The court considered whether the disputed provision, which has been on the books for more than a century, violated Brunetti's freedoms.

Justice Stephen Breyer seemed particularly concerned that a judgment in Brunetti's favor would open the door to trademarks with racing muscles, which could then appear on commercials on buses or newsstands.

"Very often, the word involved in your case and race is not point of view," said the breyer. "It's used to insulting someone, rather than fighting words, or it usually tends to pay attention to yourself."

But others at the nine-member court recognized that the law was broad and applied inconsistently by the Patent and Trademark Office. 19659002] Some trademark applications, Ruth Bader Ginsburg said, were downgraded for two reasons: because the trademarks were scandalous and because they were similar to brands already registered.

"If the mark is already registered," Ginsburg said, "Then it's not outrageous."

For example, the US Patent and Trademark Office refused to register the FUCT, but received FCUK, an acronym for the British-based clothing chain French Connection.

How did Neil Gorsuch adjust, is a "reasonable citizen" likely to know how the government will treat their brand?

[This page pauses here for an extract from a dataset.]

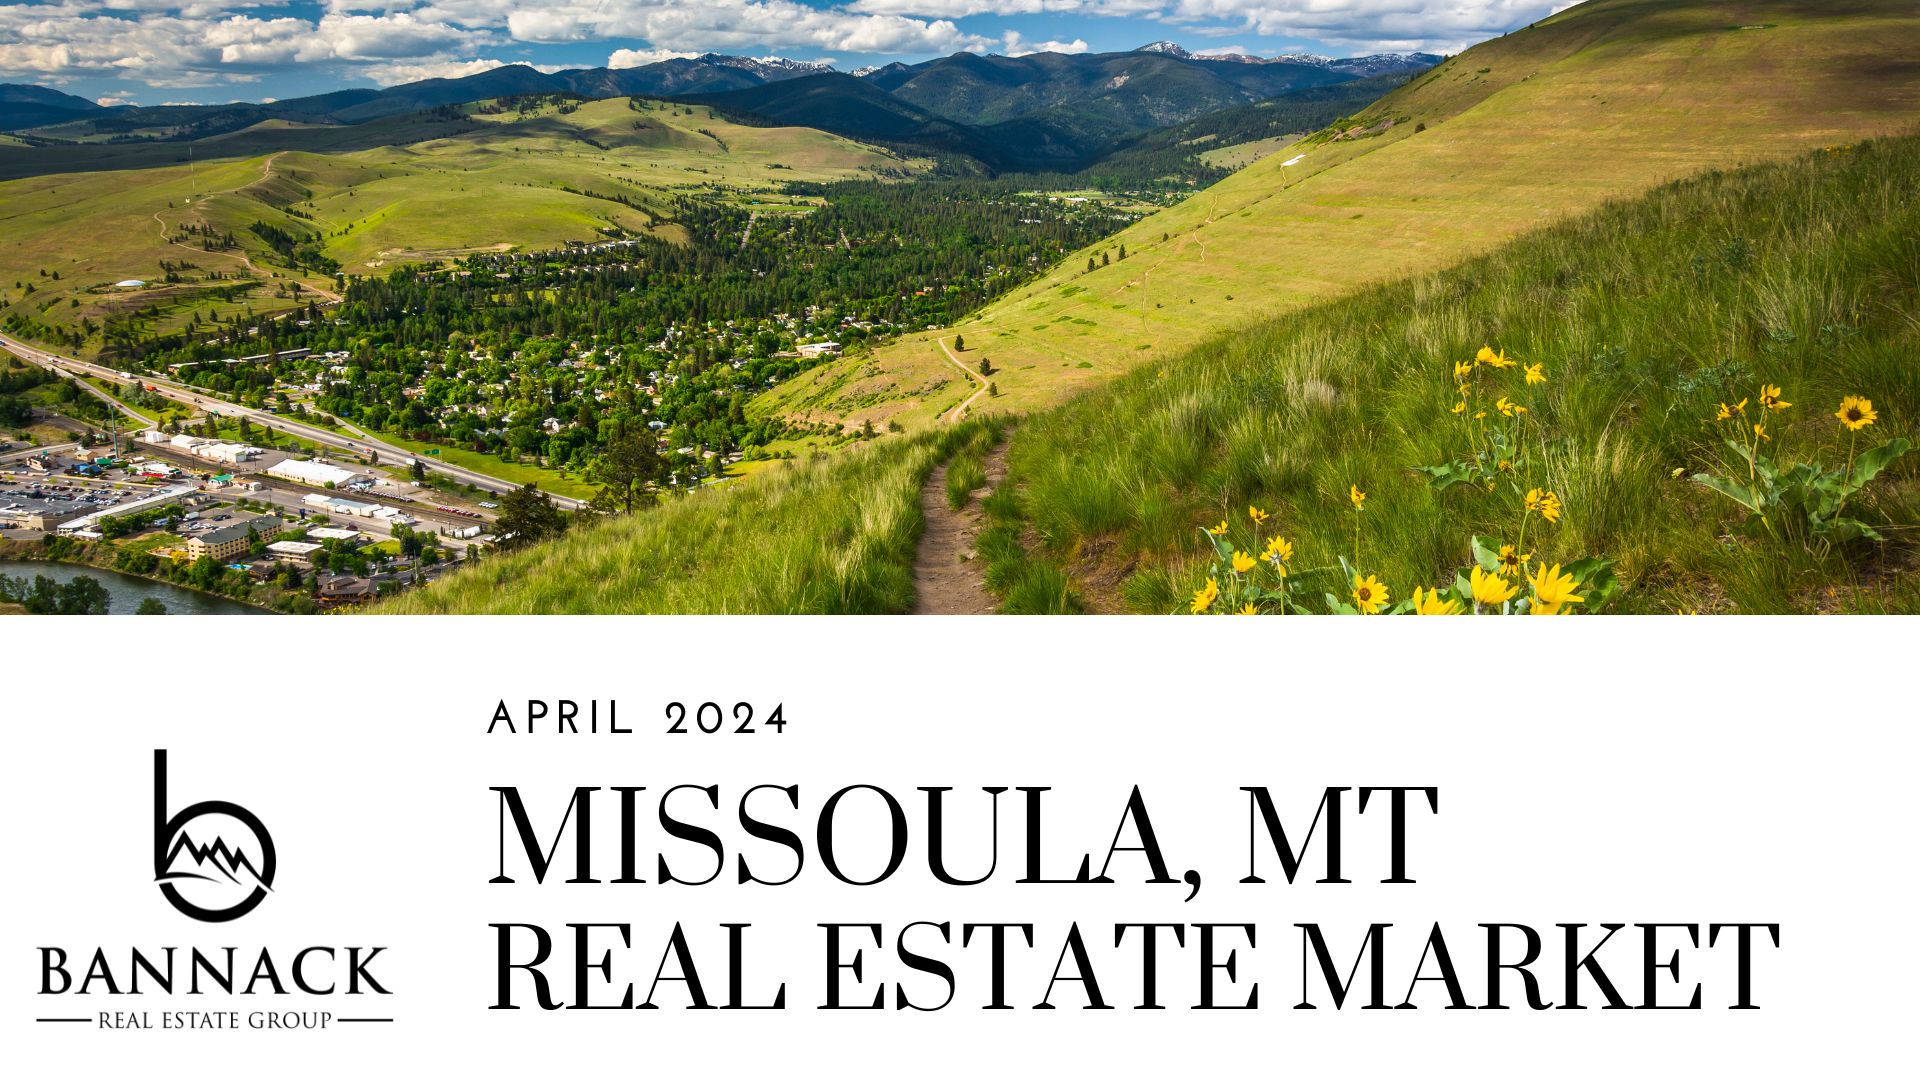 Exclusive Missoula MT Real Estate Market Insights: April 2024 Trends & Future Projections Revealed! image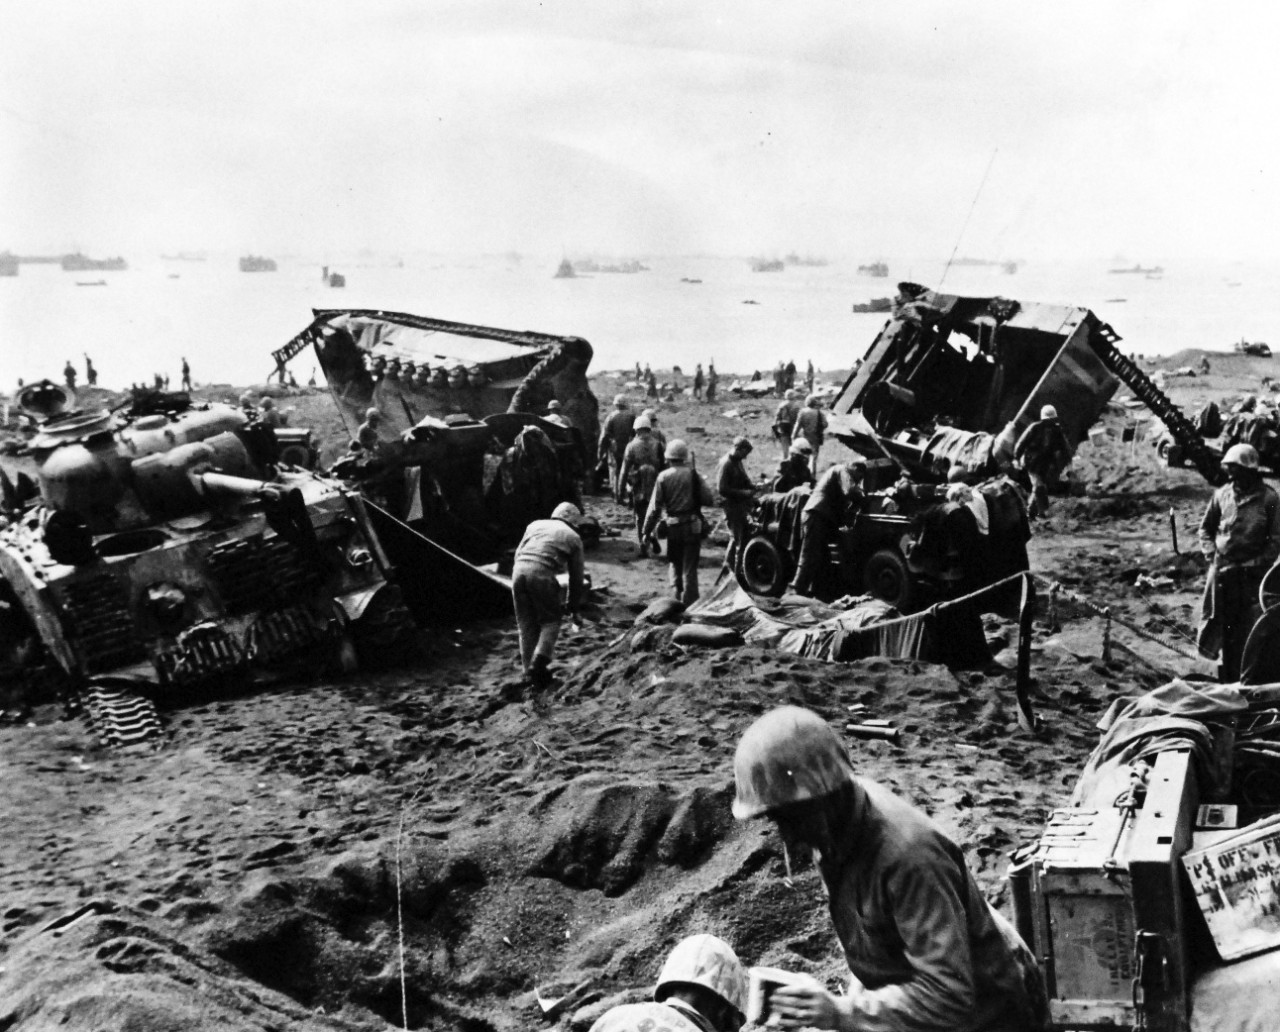 80-G-304850:  Battle for Iwo Jima, February 19, 1945.  Stalled and wrecked vehicles of Marines bagged down in soft Volcanic ash on beach of Iwo Jima were targets for Japanese mortermen who fired down from mountain overlooking beach D-Day.  Amtracs and medium tanks of Blue Beach #1.  Some of the 800 ships that took part in the action are in the background.  Photographed February 19, 1945.  U.S. Navy Photograph now in the collections of the National Archives.  (2016/01/19).

"Is it a flip of a coin?" he asked.

The wording of the law is "very broad," said Justice Elena Kagan, who sucked the Ted Ted dilemma legally.

"If Congress wants to pass a minor law focused on vulgarity or profanity, then Congress can do that," she said.

The Trump administration claims that in refusing to approve trademark applications with scandalous or immoral material, the government is "protecting unwilling viewers of material they find offensive".

A decision by the judiciary is expected in late June.